◆ **REQUIRED WORK**: Your task is to output the listing word for word, with pictures excluded.

◆ **DATA PROVIDED**:
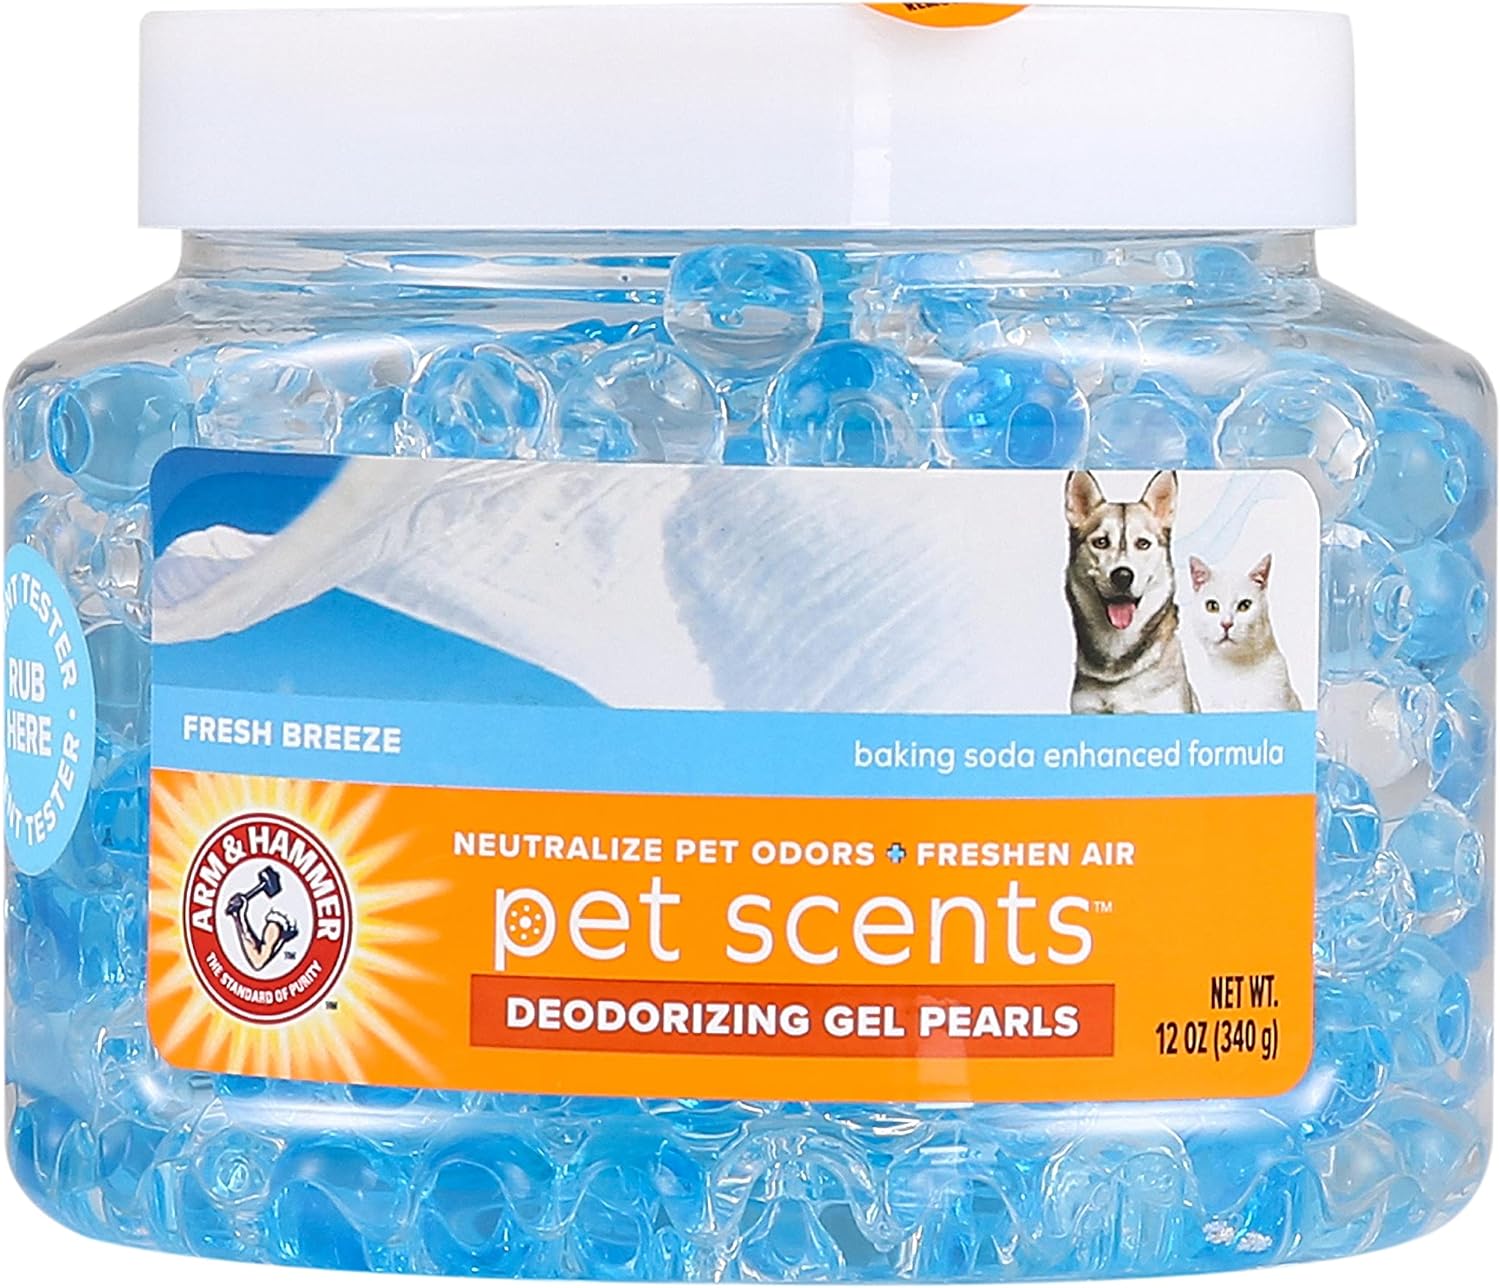 Arm & Hammer for Pets Air Care Pet Scents Deodorizing Gel Beads in Fresh Breeze
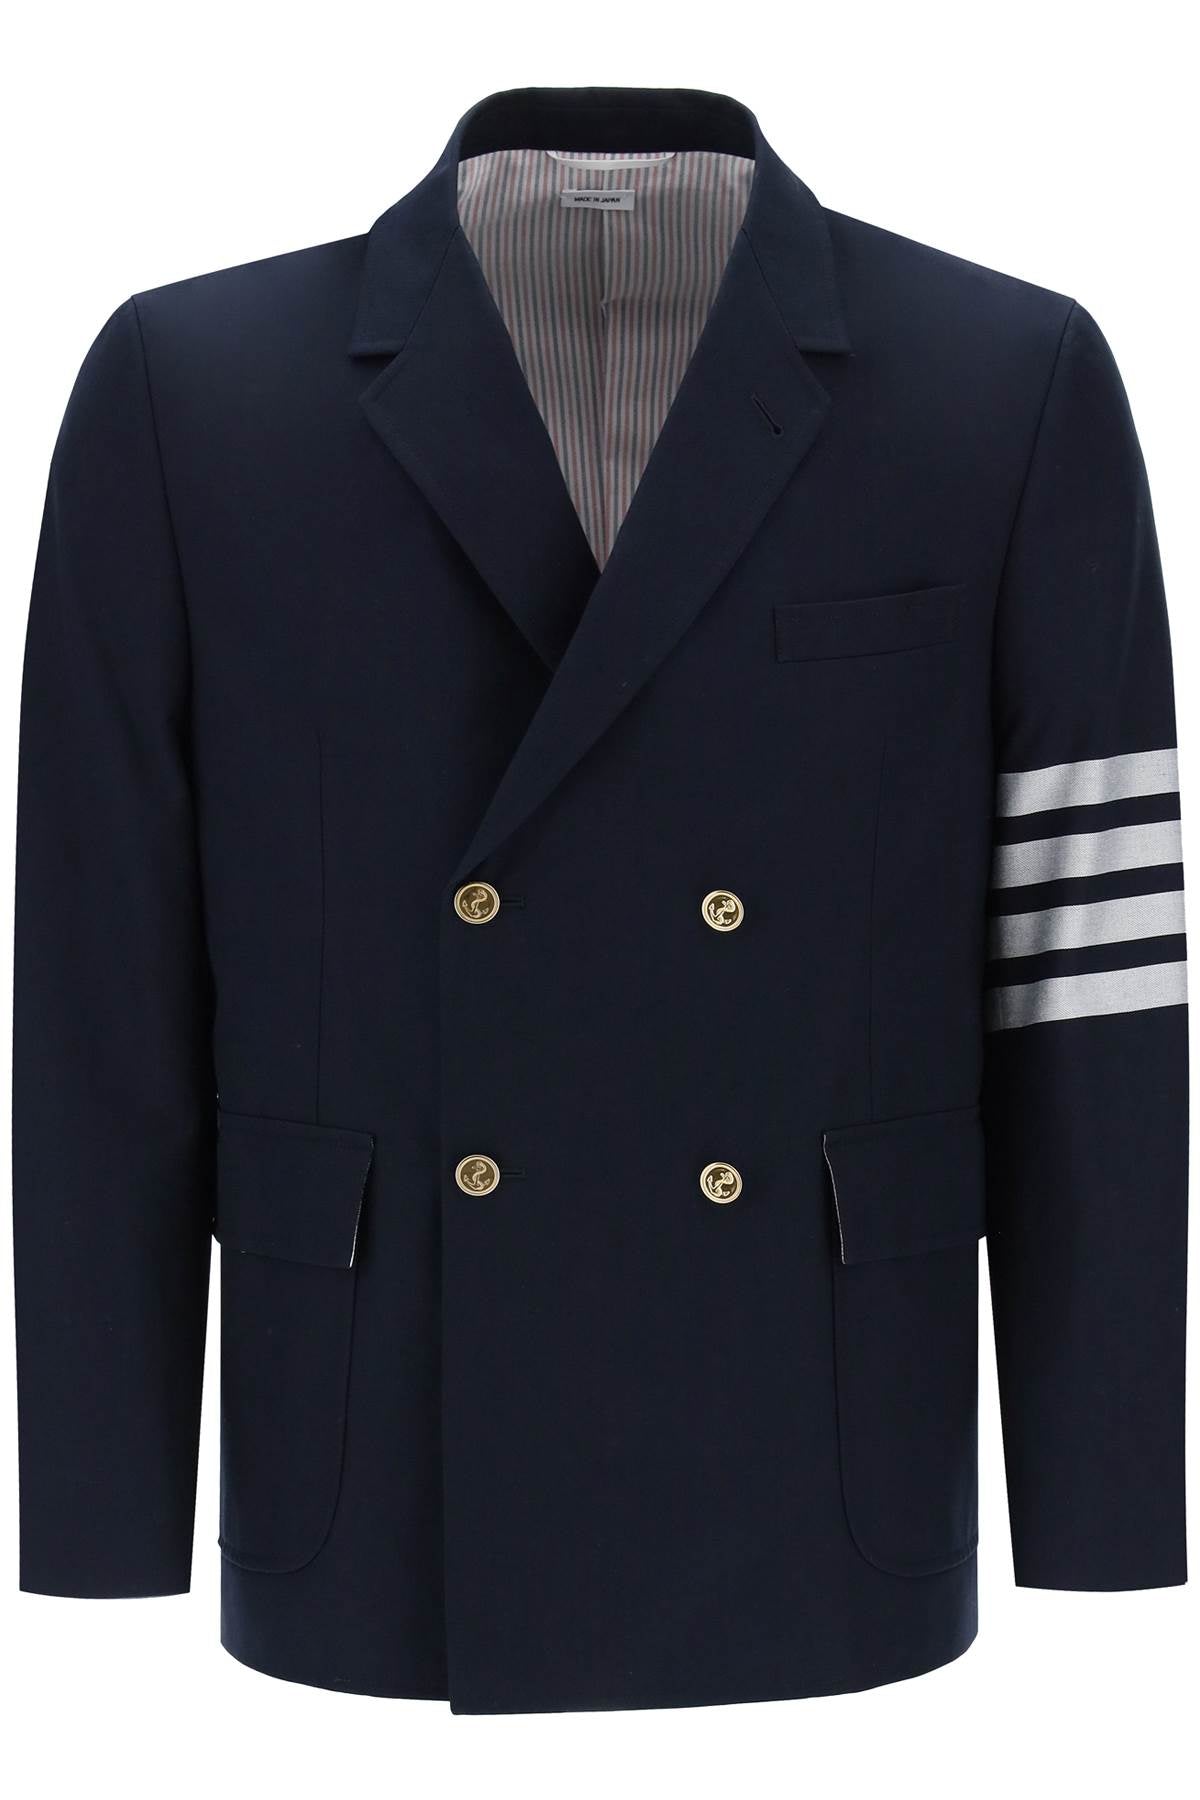 THOM BROWNE Deconstructed Double-Breasted Jacket with Nautical Button Detail
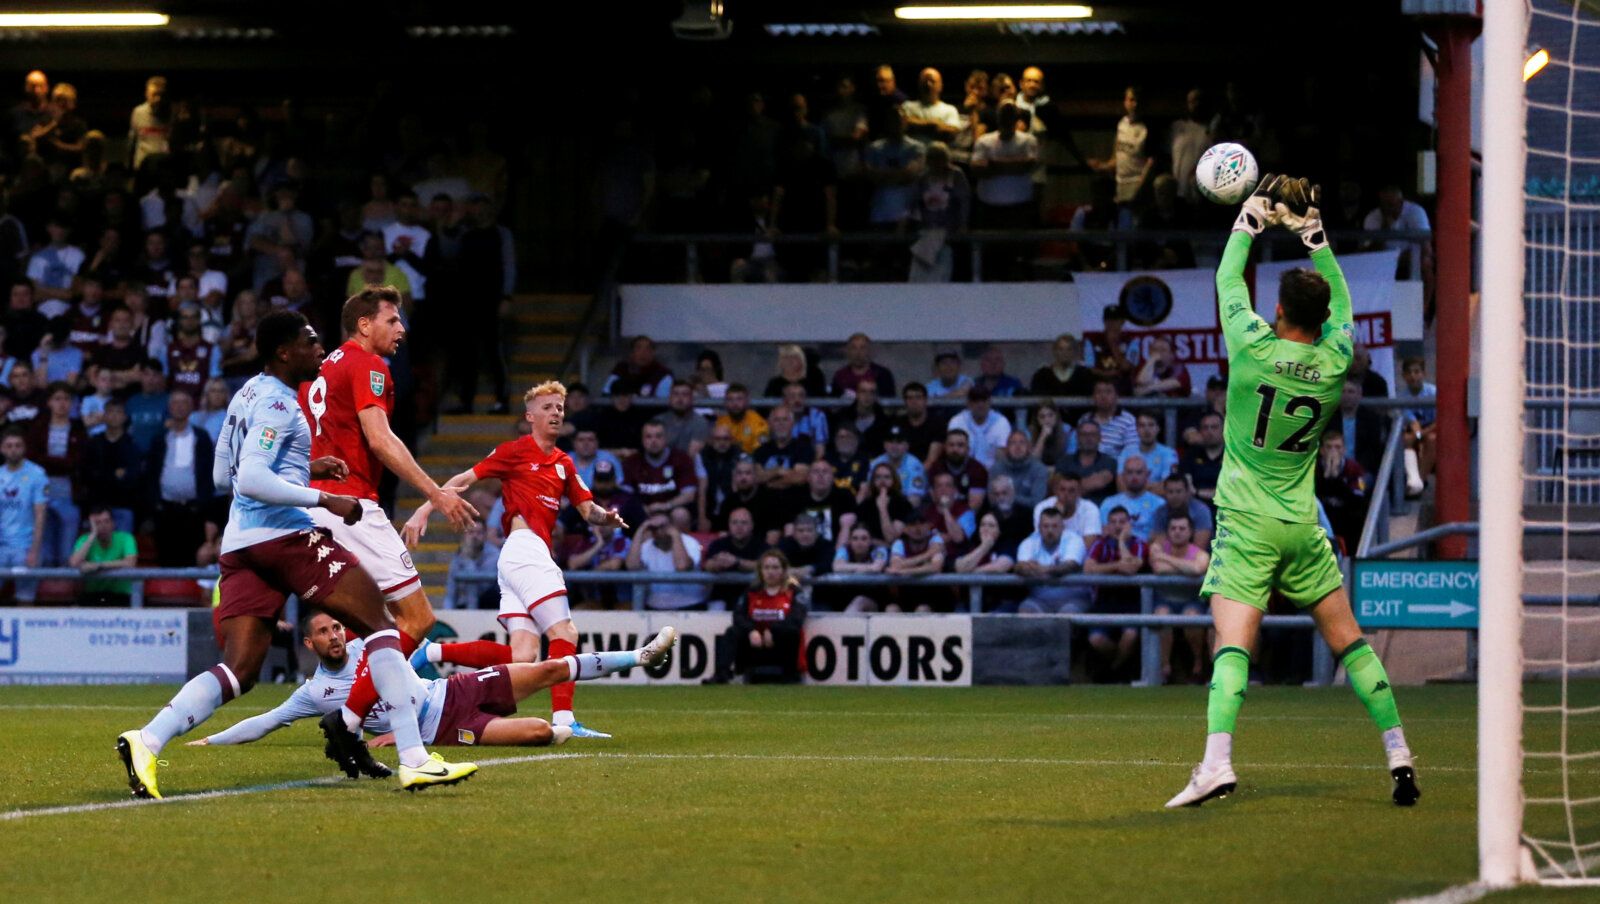 Soccer Football - Carabao Cup Second Round - Crewe Alexandra v Aston Villa - The Alexandra Stadium, Crewe, Britain - August 27, 2019  Aston Villa's Jed Steer saves a shot from Crewe Alexandra's Charlie Kirk     Action Images via Reuters/Ed Sykes  EDITORIAL USE ONLY. No use with unauthorized audio, video, data, fixture lists, club/league logos or "live" services. Online in-match use limited to 75 images, no video emulation. No use in betting, games or single club/league/player publications.  Plea

◆ **OUTPUT FOR THIS EXERCISE**:
 Arm & Hammer for Pets Air Care Pet Scents Deodorizing Gel Beads in Fresh Breeze
 THOM BROWNE Deconstructed Double-Breasted Jacket with Nautical Button Detail
 Soccer Football - Carabao Cup Second Round - Crewe Alexandra v Aston Villa - The Alexandra Stadium, Crewe, Britain - August 27, 2019  Aston Villa's Jed Steer saves a shot from Crewe Alexandra's Charlie Kirk     Action Images via Reuters/Ed Sykes  EDITORIAL USE ONLY. No use with unauthorized audio, video, data, fixture lists, club/league logos or "live" services. Online in-match use limited to 75 images, no video emulation. No use in betting, games or single club/league/player publications.  Plea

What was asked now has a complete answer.